Good Quality follows with a detailed account of the practices of sperm donor recruitment and donation. Due to a shortage of donors, sperm banks rely on recruiters to mobilize university students, their primary target group, to become sperm donors. Using flyers, messages on social media, and face-to-face conversations in male university dormitories, recruiters have developed various strategies, such as appealing to the compassion of potential donors and offering financial compensation and free health checks, to encourage and entice students to donate. Consequently, in contrast to sperm donation in European and American sperm banks, mass donation has occurred in China. Wahlberg recorded in his observations that between 28 and 88 sperm donors per day attended donation sessions in a single sperm bank (p. 123).
Once sperm donors are recruited, sperm banks employ “technologies of assurance,” “a configuration of strategies and techniques within which certain persons, activities, and/or objects come to be vouched for over others” (p. 136). From advising potential donors on how best to prepare themselves for donation, to analyzing sperm quality in laboratories, to screening potential donors to prevent transmission of genetic and infectious disease from donor to recipient, sperm banks follow a series of quality control procedures.
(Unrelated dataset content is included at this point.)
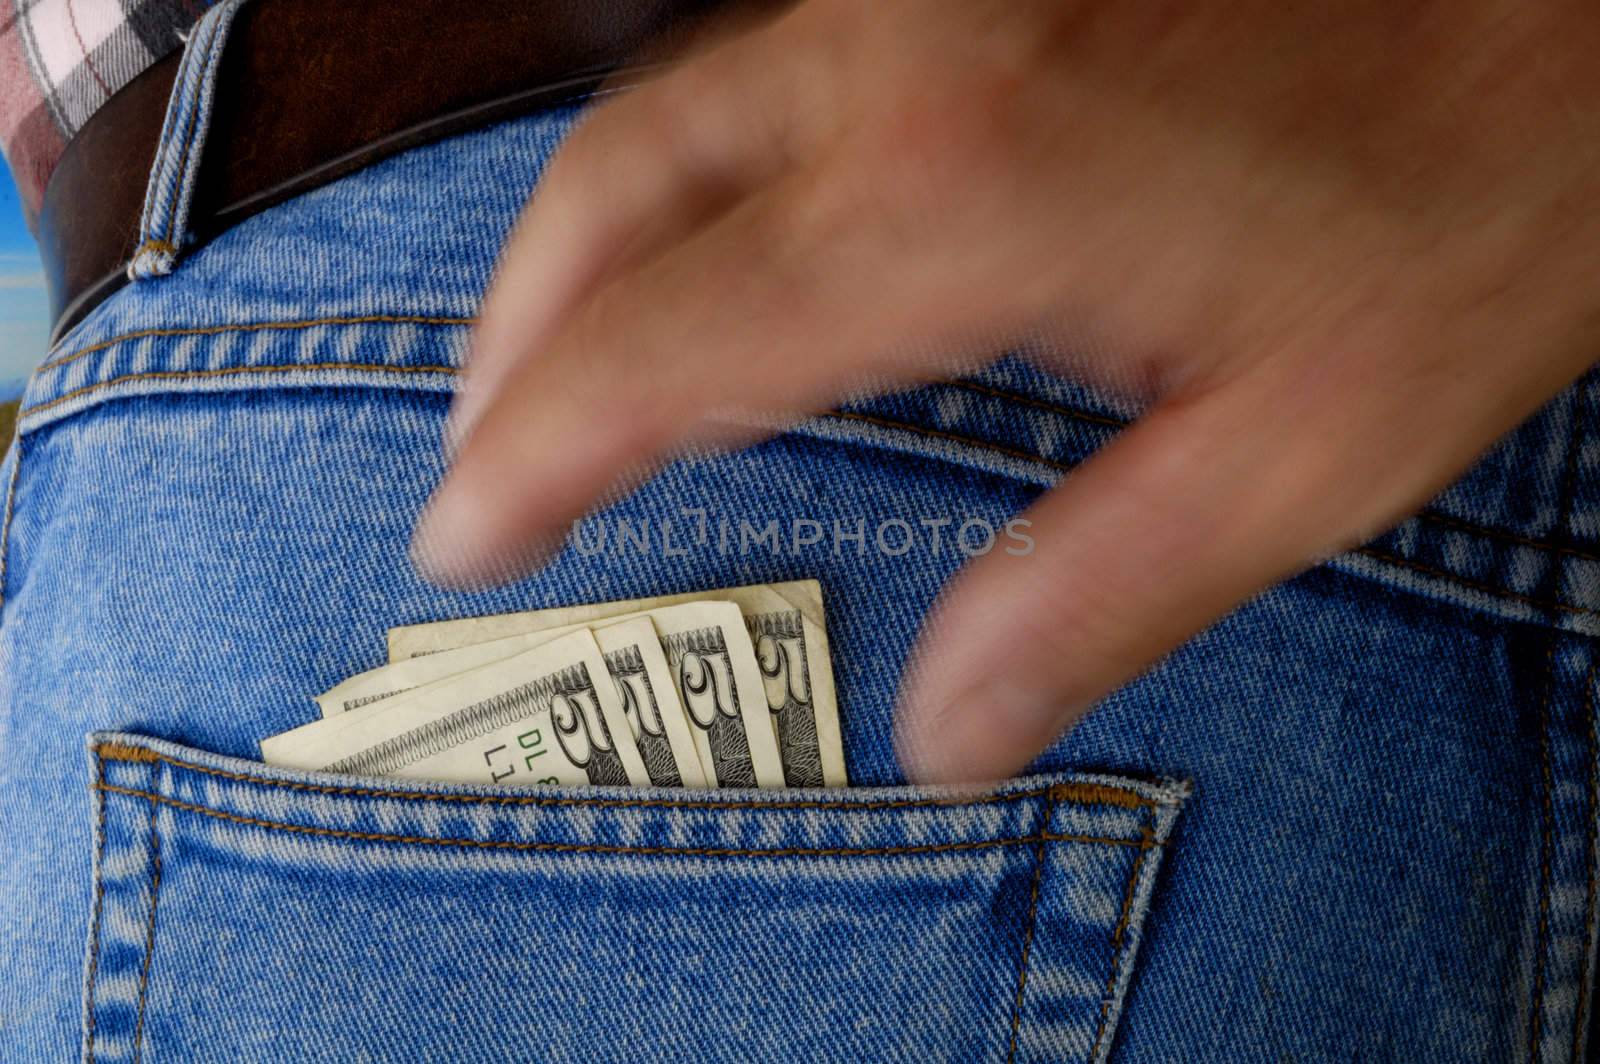 Pickpocket in action - Dollar bills. by Bateleur
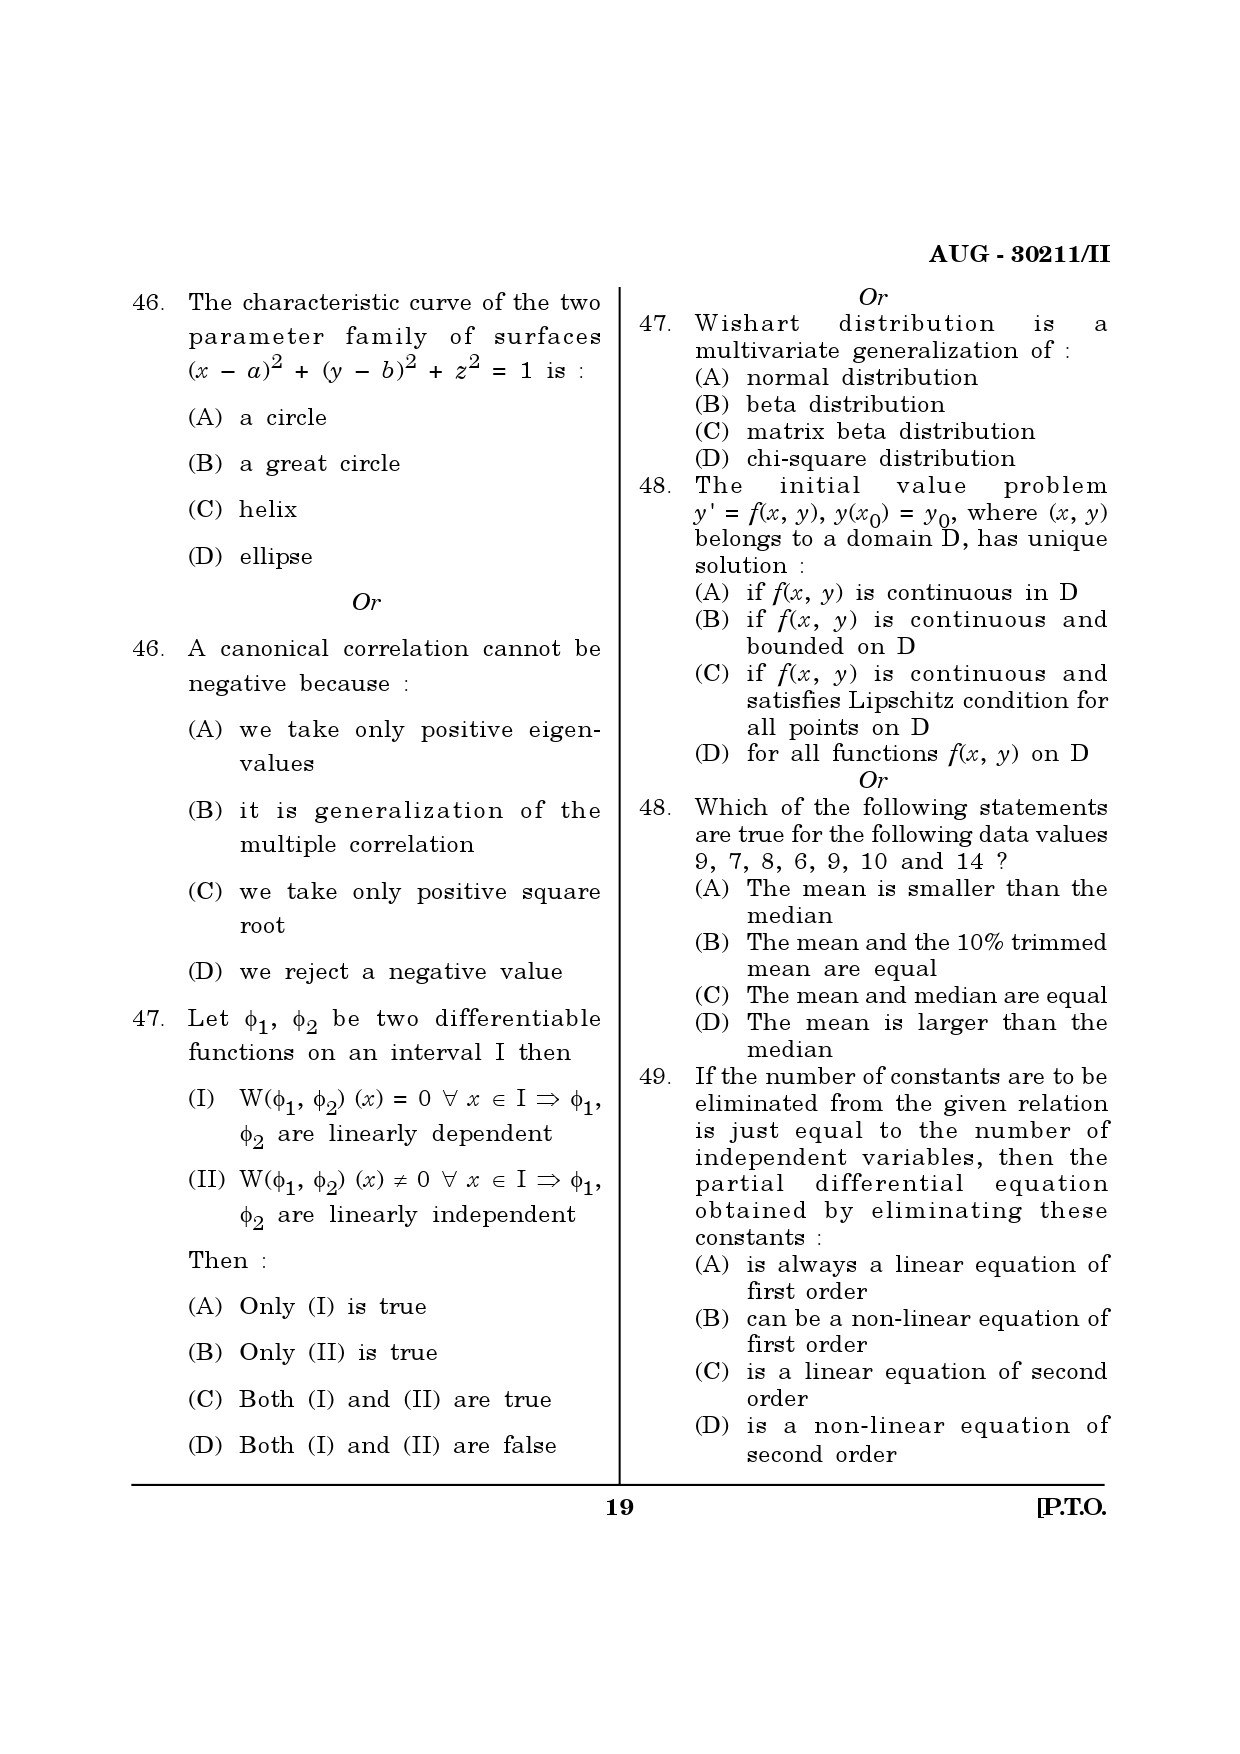 Maharashtra SET Mathematical Sciences Question Paper II August 2011 19

Anonymity and secrecy are considered essential by both recipient couples and donors. Due to a stigma attached to male infertility and a desire to continue the patrilineal family line, recipient couples keep their use of donor sperm a secret from all but a small number of family members and friends as a way to manage reputations. Likewise, donors emphasize the necessity of confidentiality to avoid any trouble late in life should a donor child appear to disrupt their future family life. As a result, sperm donation in China operates as a double-blind system.
Good Quality is a delight to read. Wahlberg successfully demonstrates how particular sociopolitical and cultural configurations have rendered sperm banking a unique Chinese experience. Good Quality makes a significant contribution to anthropological studies of assisted reproduction, science and technology studies, and studies of China’s reproductive politics. While Wahlberg emphasizes that his focus is on the making of sperm banking (p. 11), this important book should encourage further studies on various aspects of assisted reproduction in China, such as the experience of infertile couples and the complex decision making leading to the practice of assisted reproduction.